▸ **PROBLEM TO WORK ON**
An exact copy of the data is needed, one that excludes all pictures.
*** Opening GIVEN DATA ***
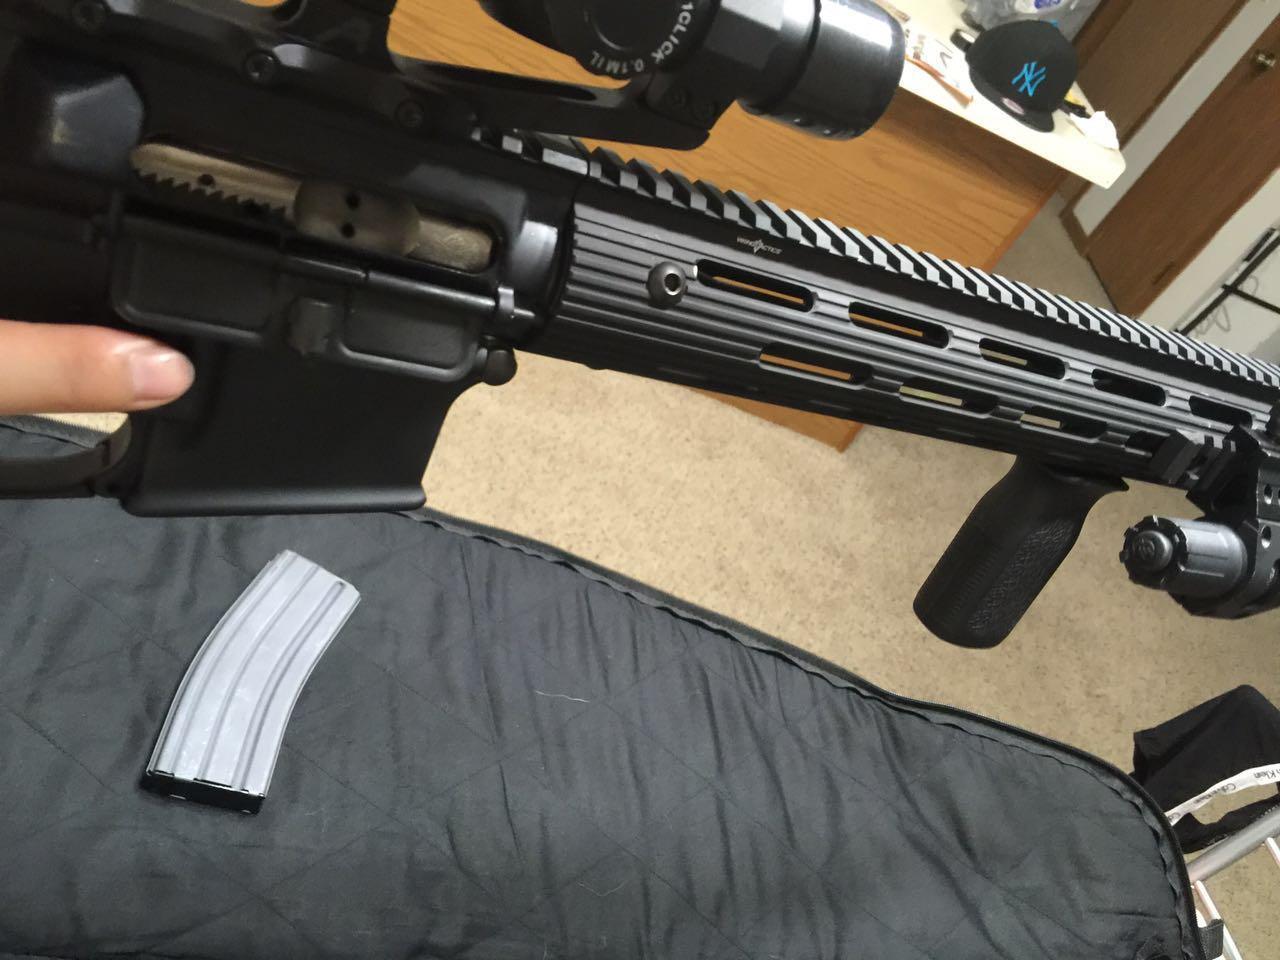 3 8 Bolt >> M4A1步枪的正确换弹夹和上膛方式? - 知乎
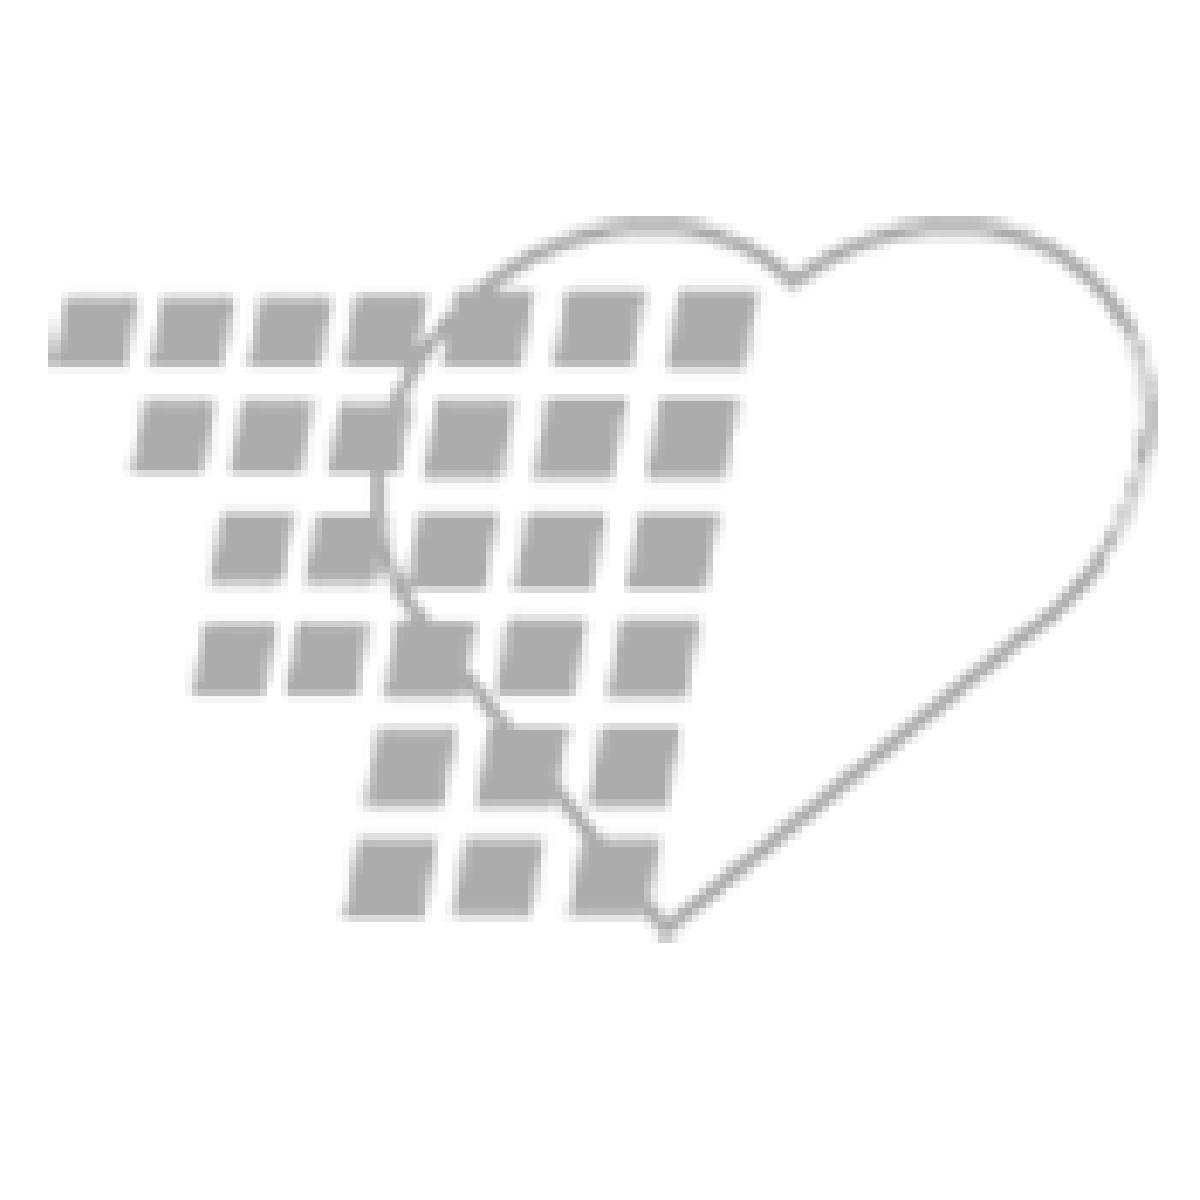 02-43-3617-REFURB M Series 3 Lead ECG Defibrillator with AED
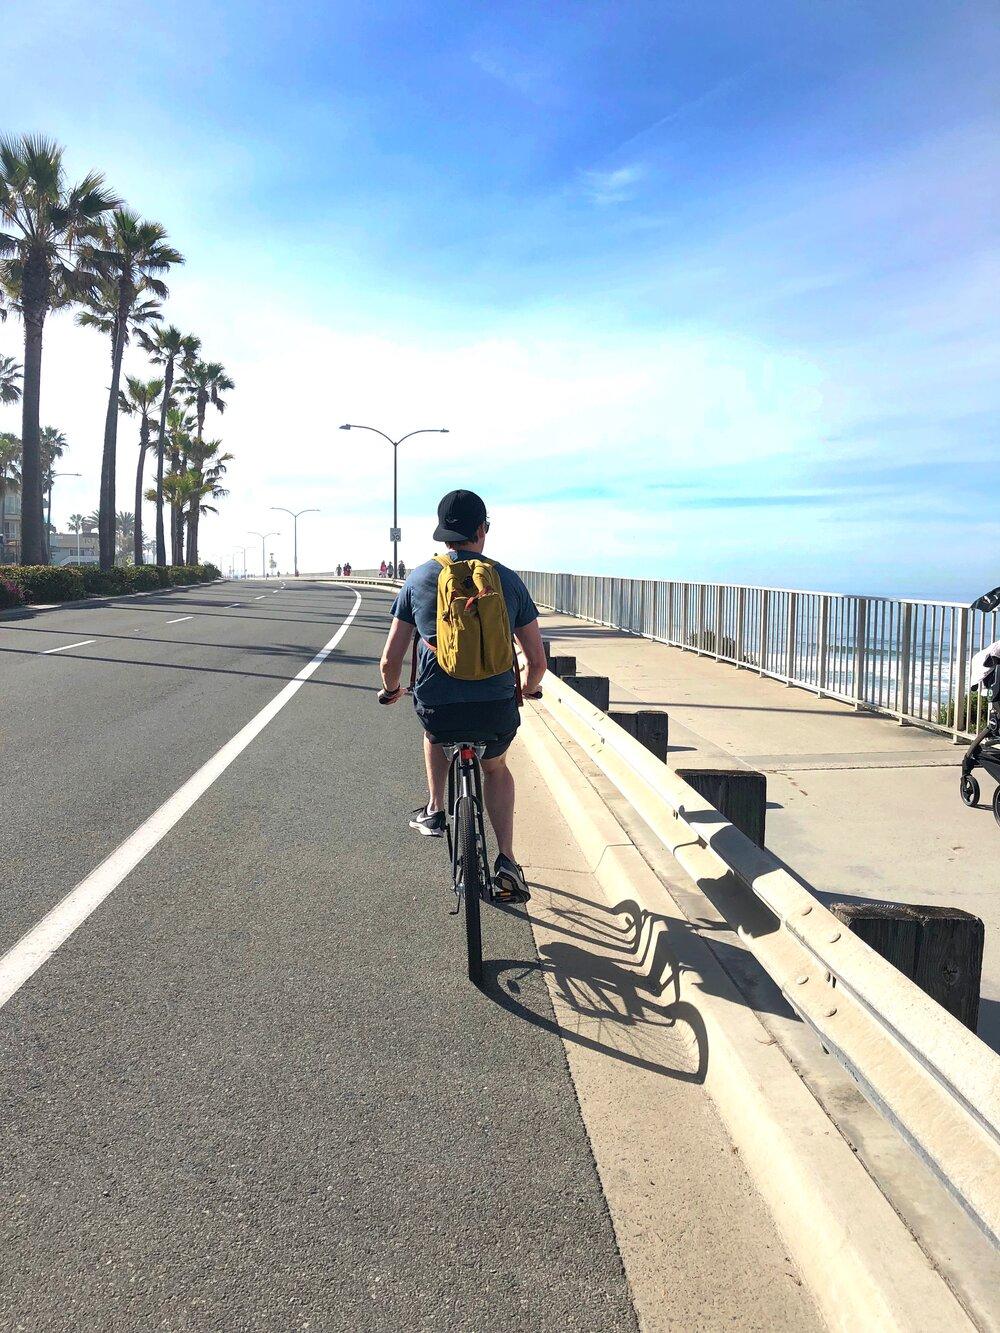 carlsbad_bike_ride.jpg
*** Closing GIVEN DATA ***
▸ **EXERCISE SOLUTION**
 3 8 Bolt >> M4A1步枪的正确换弹夹和上膛方式? - 知乎
 02-43-3617-REFURB M Series 3 Lead ECG Defibrillator with AED
 carlsbad_bike_ride.jpg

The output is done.